In some aspects, the UE may measure a time synchronization parameter and/or a frequency synchronization parameter associated with the reference signal in the first frequency band. For example, the UE may measure a timing advance parameter and/or a frequency compensation parameter associated with the reference signal.

In some aspects, the UE may measure the RSRP of the reference signal using multiple antennas of the UE. The UE may have multiple antennas (e.g., 2, 4, 8, 16, or any suitable number of antennas). Each of the multiple antennas may be oriented in a different direction to enable spatial diversity of the transmitted signals and/or the receive signals. As a non-limiting example, the UE may have a first antenna and a second antenna. The first and second antennas may have main lobes oriented 180 degrees from each other. The UE may measure the RSRP of the reference signal in the first frequency band using both the first and second antennas. The antenna having the highest measured RSRP may be associated with a higher quality channel between the UE and network unit.

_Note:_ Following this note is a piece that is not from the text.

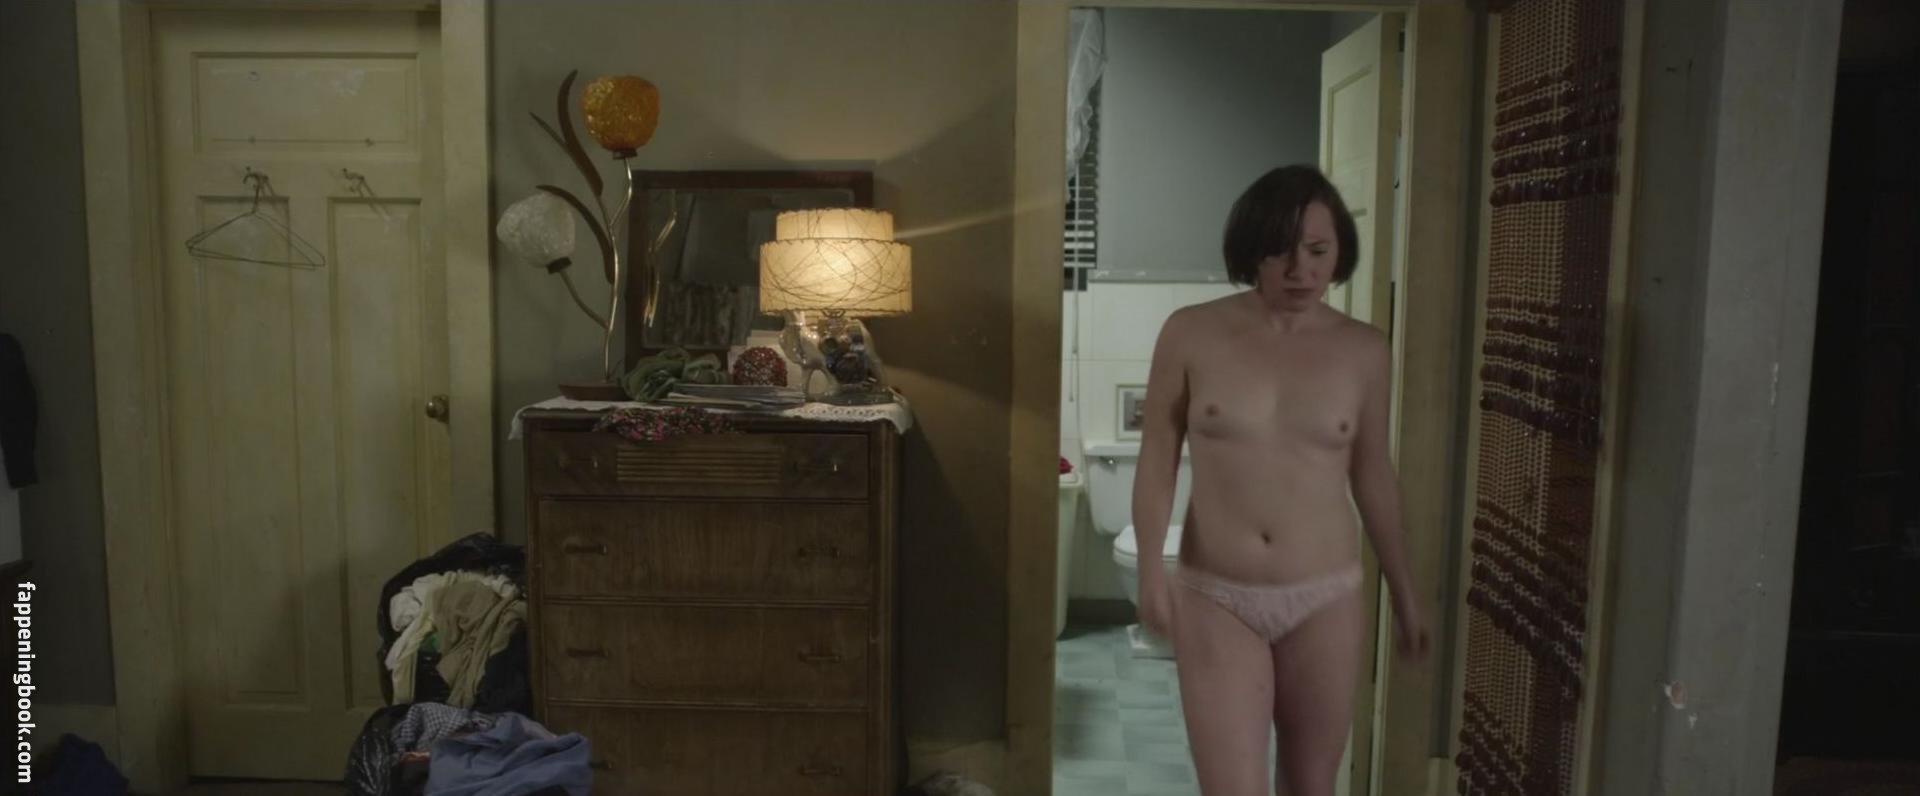 Nude Roles in Movies: Comforting Skin (2011), Good Luck Chuck (2007) .

At action 820, the method 800 includes the network unit receiving a communication from the UE in the first frequency band. The communication may be received based on the reference signal measurement(s) by the UE. In the regard, the first frequency band may include a supplemental uplink carrier (SUL). The first frequency band may be lower than the second frequency band and provide additional (e.g., supplemental) uplink coverage for the UE. For example, the second frequency band may provide a primary uplink carrier for the UE. The coverage range for the first frequency band may be larger than the coverage range for the second frequency band due to the first frequency band being lower than the second frequency band. The network unit may receive communications from the UE using the first frequency band and/or the second frequency band when the UE is in the coverage range of the first and second frequency bands. When the UE is in coverage range of the first frequency band and out of coverage range of the second frequency band, the network unit may receive communications from the UE using the first frequency band (e.g., the supplemental uplink carrier).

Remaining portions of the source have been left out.